Rating: (1 to 5 stars)

MPAA Rating: PG-13 for mature thematic elements, some disturbing images and brief language.

Review:

There’s a joke that goes something like this: A sadist and a masochist are walking down the street together. The masochist says "hit me" and the sadist says "no." I repeat this only to make the point that sadism doesn’t always involve leather, whips and chains. Sometimes, it has to do with watching movies about people suffering needlessly.

This is such a film. There is nothing entertaining here. This is about people in pain. Psychic pain that has really no cause other then possible mental illness. This is a misogynist and sadistic film taking perverse pleasure in the pain of the characters.

Then why is it getting awards and acclaim?

Because it has movie stars doing the best jobs they possibly can.

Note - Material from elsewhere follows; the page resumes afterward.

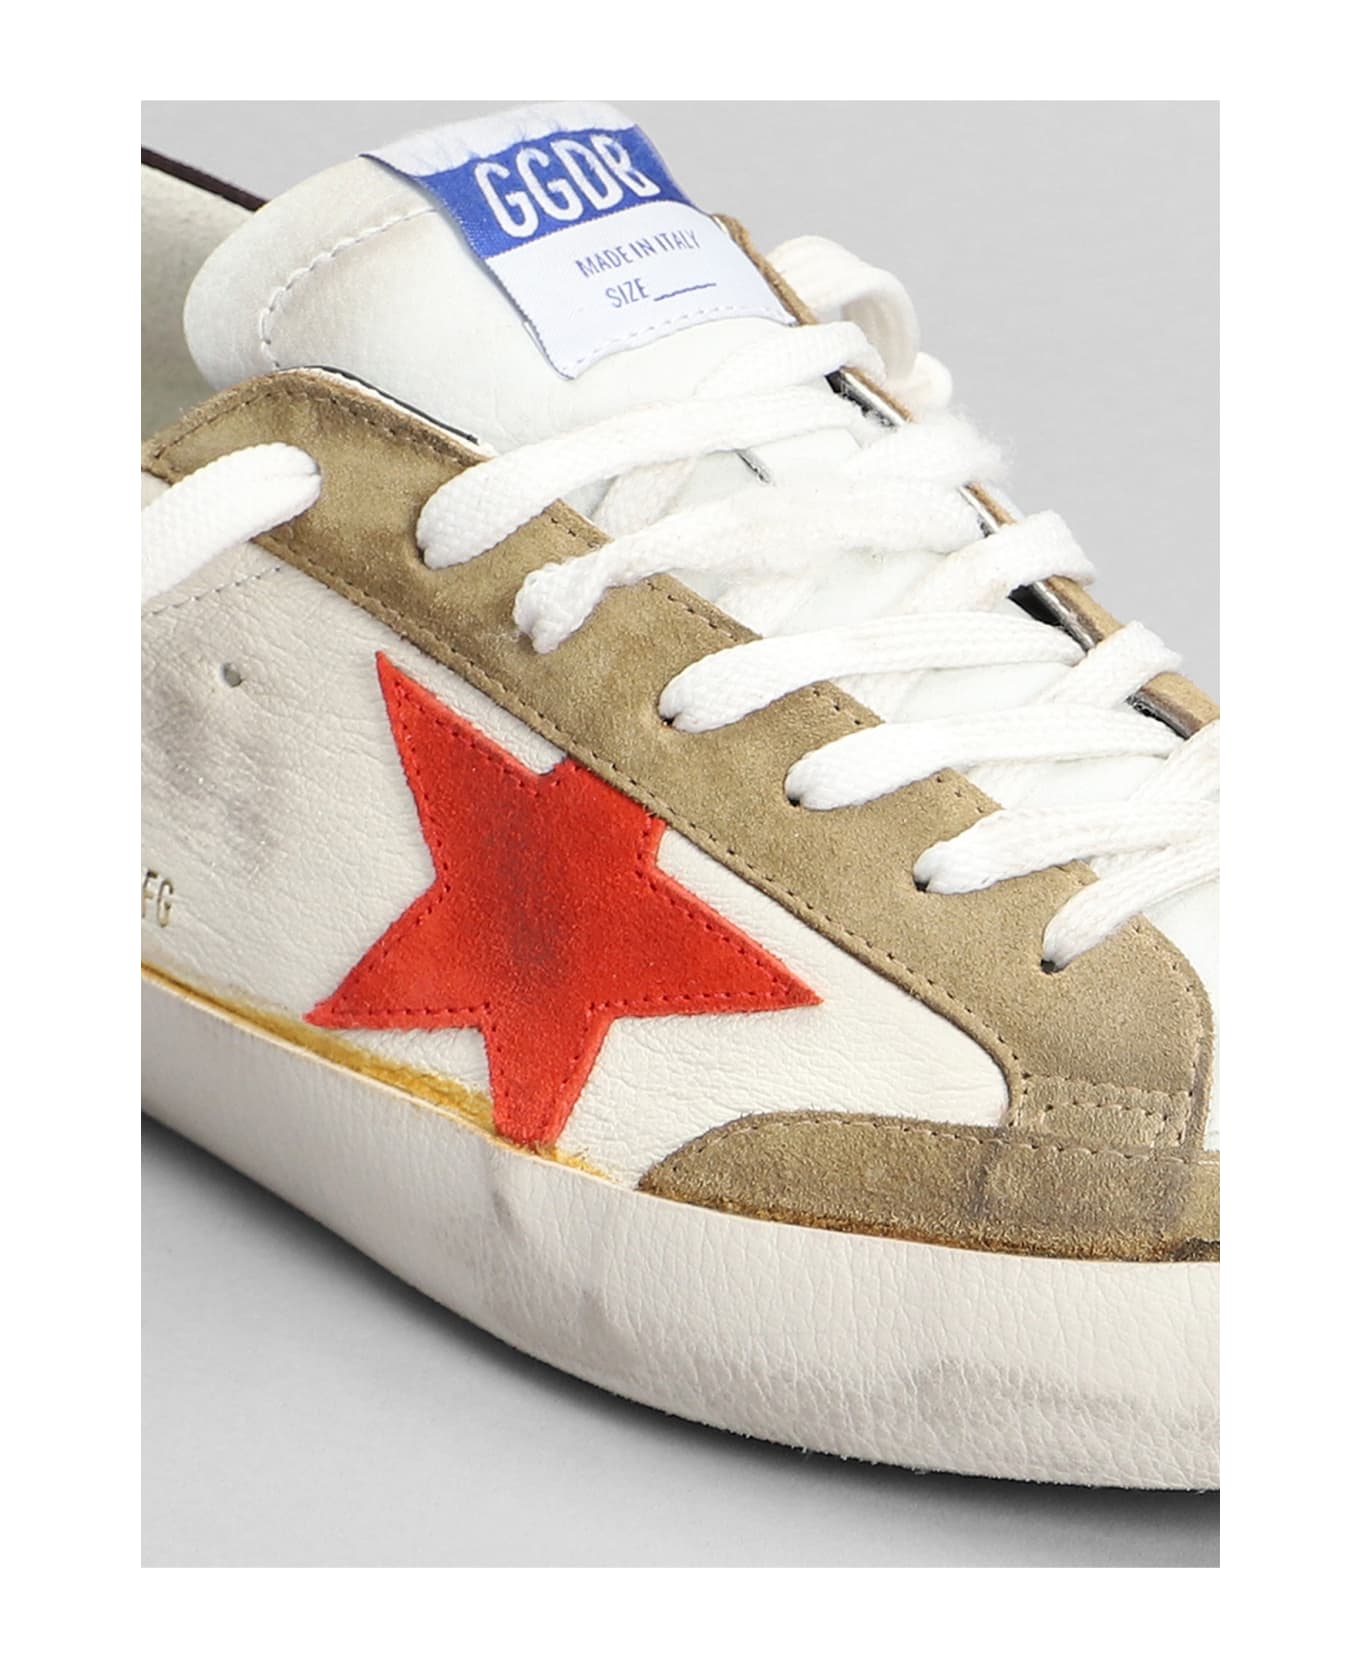 Golden Goose Superstar Sneakers In White Suede And Leather - 10531

We’ve got Julianne Moore emoting her brains out, Ed Harris looking plaintive and pathetic, Nicole Kidman in a false nose looking nothing like herself. Meryl Streep chews the scenery like she hasn’t done in years. EVERYONE chews the scenery until there is nothing left to swallow.

They do a reat job. The direction is perfect, the art direction is perfect, in fact everything is perfect but the script. This is an evil film.

The structure is the interspersing of three stories. The first is that of Virginia Woolf (Nicole Kidman), who on that day was to begin her novel "Mrs. Dalloway." She suffered from crippling depression, and her husband Leonard(Stephen Dillane) was at pains as to what to do to make her life better. The second takes place about twenty years later, and a California housewife named Laura Brown (Julianne Moore ), is on the brink of doing herself in. She’s reading "Mrs. Dalloway," and this doesn’t really help her situation. Her husband(John C. Reilly ) and son love her dearly, and this doesn’t ameliorate things in the least. So she suffers. Meanwhile, in the early ‘2000s, Clarissa Vaughn(Meryl Streep) is throwing a party for her unrequited love Richard (Ed Harris), who as traditional for this kind of thing, is dying of AIDS. She suffers along with him, but her gay lover Sally (Allison Janney ) doesn’t. as she isn’t enamoured of the fellow.

Isn’t this a hoot? Pain!!! Suffering!!! Attempted suicide! Just the thing to drive the blues away, folks, see there are people who’ve got it worse than you, you should be happy and ENJOY the suffering. That’s entertainment, right?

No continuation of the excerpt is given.